The motivation to look overseas is also driven by low cost of manufacturing abroad, the growing availability of skilled labor and the pro-business environments of developing countries.
While it is difficult to estimate precisely how many U.S. jobs are being transplanted and created overseas from real estate data outsourcing and other industries, research suggests business process outsourcing and software outsourcing have generated hundreds of thousands of jobs overseas since 2000, in addition to the million or more jobs created overseas during the 1990s.
Global outsourcing in the real estate industry, which began as a response to tight labor markets in 1999 and 2000, has continued as well, becoming a factor in the jobless recovery of 2003, according to the Fisher Center report.
“The cost-cutting by firms may end up as the permanent loss of jobs that remain abroad even during the subsequent (economic) recovery,” the authors of the report said.
Grubb & Ellis in its 2004 real estate forecast announced that even though the real estate industry should fare well in the coming year, global outsourcing will continue to have a negative impact on the market.
Outsourcing’s proponents say the benefits outweigh the potential costs.
Global outsourcing has been a primary option for businesses looking to better manage costs, especially in an economic downturn. Industry insiders point to the figures: a company that outsources a majority of its data collection and input facilities overseas could have a cost base that’s one-third of that of a wholly U.S.-based company.

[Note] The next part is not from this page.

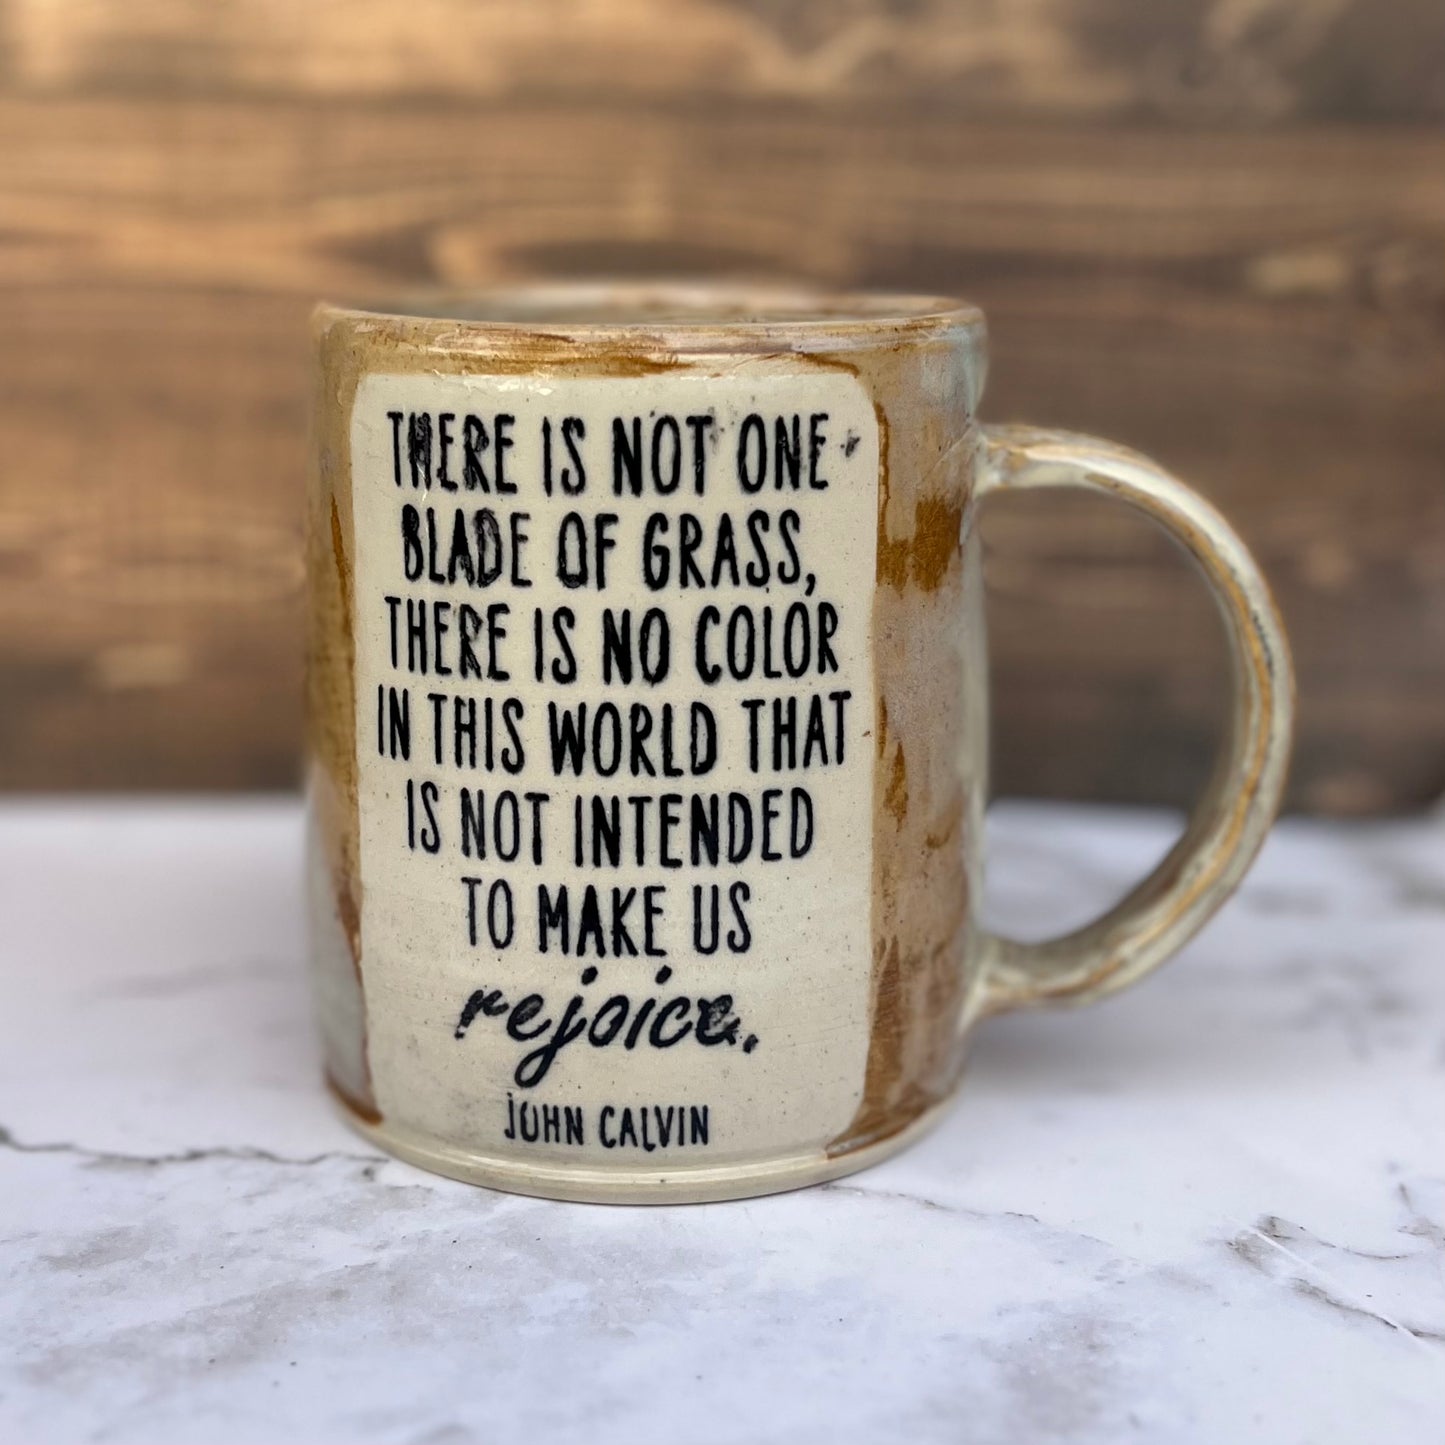 Calvin “Rejoice” Mug

As increasing numbers of Realtors place listings online and more home buyers use the Internet when buying or selling a home, information needs to be instantaneously accessible. The most cost-effective means of data collection and input is often done outside the United States.
“Outsourcing real estate and financial services provides access to a qualified, highly trained English-speaking workforce at significant cost savings,” said Susannah Harter, marketing manager for Ocwen Financial Corp., which offers overseas outsourcing of business processes for the real estate industry at two servicing centers in India. “Through outsourcing, companies can deliver high-quality work with a shortened cycle time for processing while remaining cost effective and competitive in the real estate marketplace.”
Outsourcing also helps U.S. companies become more profitable and pass price savings on to consumers, as well as boost the export of equipment and software to the developing countries, according to a report by management consultant McKinsey & Co.
“Unless we pander to protectionism, there is no good reason to believe that our dynamic job-creating economy cannot absorb the level of change” posed by outsourcing, the report said.
Not everyone is convinced, especially considering Forrester Research’s prediction that the U.S. will lose some 3.3 million jobs to offshoring by 2015.
Gartner Inc., a research and consulting firm in a Stamford, Conn., estimates that 10 percent of all the jobs at U.S. information technology vendors and service providers and 5 percent of all technology jobs at more general companies will shift offshore by the end of next year. Fewer than 40 percent of American workers who lose their jobs to outsourcing will find work within the same company, Gartner forecasts, and that impact includes the real estate market.
“The global outsourcing trend will have damaging effects on the real estate industry in the long term,” Pollina said.